Items from a data source ->
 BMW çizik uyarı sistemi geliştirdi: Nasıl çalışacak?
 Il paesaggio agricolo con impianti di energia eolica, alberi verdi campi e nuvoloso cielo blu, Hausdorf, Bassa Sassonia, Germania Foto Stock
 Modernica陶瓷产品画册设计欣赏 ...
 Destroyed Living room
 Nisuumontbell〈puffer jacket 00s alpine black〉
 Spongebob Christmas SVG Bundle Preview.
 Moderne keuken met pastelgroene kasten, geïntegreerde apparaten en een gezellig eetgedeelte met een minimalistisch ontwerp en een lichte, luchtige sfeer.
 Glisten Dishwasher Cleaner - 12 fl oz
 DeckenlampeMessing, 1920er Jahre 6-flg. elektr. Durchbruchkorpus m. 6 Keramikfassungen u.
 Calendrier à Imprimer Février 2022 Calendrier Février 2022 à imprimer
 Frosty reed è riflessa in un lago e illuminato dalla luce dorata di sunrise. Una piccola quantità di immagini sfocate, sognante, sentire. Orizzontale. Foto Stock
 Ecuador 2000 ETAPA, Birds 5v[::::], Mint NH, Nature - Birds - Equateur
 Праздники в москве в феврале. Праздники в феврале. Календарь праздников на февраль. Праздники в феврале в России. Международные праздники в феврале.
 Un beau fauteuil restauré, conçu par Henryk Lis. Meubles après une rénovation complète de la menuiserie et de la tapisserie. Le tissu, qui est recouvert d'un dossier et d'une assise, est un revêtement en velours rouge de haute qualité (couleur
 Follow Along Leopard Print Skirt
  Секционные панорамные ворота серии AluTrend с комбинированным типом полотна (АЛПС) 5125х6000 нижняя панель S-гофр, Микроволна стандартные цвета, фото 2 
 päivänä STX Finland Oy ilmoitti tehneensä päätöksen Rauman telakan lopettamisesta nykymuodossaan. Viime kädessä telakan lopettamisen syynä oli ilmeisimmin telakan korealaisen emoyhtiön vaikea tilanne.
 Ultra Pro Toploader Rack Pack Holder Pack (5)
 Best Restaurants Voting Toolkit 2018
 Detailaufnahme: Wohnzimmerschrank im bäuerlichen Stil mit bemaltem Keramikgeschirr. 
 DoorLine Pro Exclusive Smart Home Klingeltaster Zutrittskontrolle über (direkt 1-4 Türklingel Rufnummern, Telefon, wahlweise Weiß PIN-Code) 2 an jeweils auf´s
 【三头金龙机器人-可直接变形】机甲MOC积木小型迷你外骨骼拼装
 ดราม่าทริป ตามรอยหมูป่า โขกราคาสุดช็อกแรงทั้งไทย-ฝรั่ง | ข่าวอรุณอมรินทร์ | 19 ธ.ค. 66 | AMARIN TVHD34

Activity ->
Please reproduce each entry exactly as it appears.

Task answer ->
 BMW çizik uyarı sistemi geliştirdi: Nasıl çalışacak?
 Il paesaggio agricolo con impianti di energia eolica, alberi verdi campi e nuvoloso cielo blu, Hausdorf, Bassa Sassonia, Germania Foto Stock
 Modernica陶瓷产品画册设计欣赏 ...
 Destroyed Living room
 Nisuumontbell〈puffer jacket 00s alpine black〉
 Spongebob Christmas SVG Bundle Preview.
 Moderne keuken met pastelgroene kasten, geïntegreerde apparaten en een gezellig eetgedeelte met een minimalistisch ontwerp en een lichte, luchtige sfeer.
 Glisten Dishwasher Cleaner - 12 fl oz
 DeckenlampeMessing, 1920er Jahre 6-flg. elektr. Durchbruchkorpus m. 6 Keramikfassungen u.
 Calendrier à Imprimer Février 2022 Calendrier Février 2022 à imprimer
 Frosty reed è riflessa in un lago e illuminato dalla luce dorata di sunrise. Una piccola quantità di immagini sfocate, sognante, sentire. Orizzontale. Foto Stock
 Ecuador 2000 ETAPA, Birds 5v[::::], Mint NH, Nature - Birds - Equateur
 Праздники в москве в феврале. Праздники в феврале. Календарь праздников на февраль. Праздники в феврале в России. Международные праздники в феврале.
 Un beau fauteuil restauré, conçu par Henryk Lis. Meubles après une rénovation complète de la menuiserie et de la tapisserie. Le tissu, qui est recouvert d'un dossier et d'une assise, est un revêtement en velours rouge de haute qualité (couleur
 Follow Along Leopard Print Skirt
  Секционные панорамные ворота серии AluTrend с комбинированным типом полотна (АЛПС) 5125х6000 нижняя панель S-гофр, Микроволна стандартные цвета, фото 2 
 päivänä STX Finland Oy ilmoitti tehneensä päätöksen Rauman telakan lopettamisesta nykymuodossaan. Viime kädessä telakan lopettamisen syynä oli ilmeisimmin telakan korealaisen emoyhtiön vaikea tilanne.
 Ultra Pro Toploader Rack Pack Holder Pack (5)
 Best Restaurants Voting Toolkit 2018
 Detailaufnahme: Wohnzimmerschrank im bäuerlichen Stil mit bemaltem Keramikgeschirr. 
 DoorLine Pro Exclusive Smart Home Klingeltaster Zutrittskontrolle über (direkt 1-4 Türklingel Rufnummern, Telefon, wahlweise Weiß PIN-Code) 2 an jeweils auf´s
 【三头金龙机器人-可直接变形】机甲MOC积木小型迷你外骨骼拼装
 ดราม่าทริป ตามรอยหมูป่า โขกราคาสุดช็อกแรงทั้งไทย-ฝรั่ง | ข่าวอรุณอมรินทร์ | 19 ธ.ค. 66 | AMARIN TVHD34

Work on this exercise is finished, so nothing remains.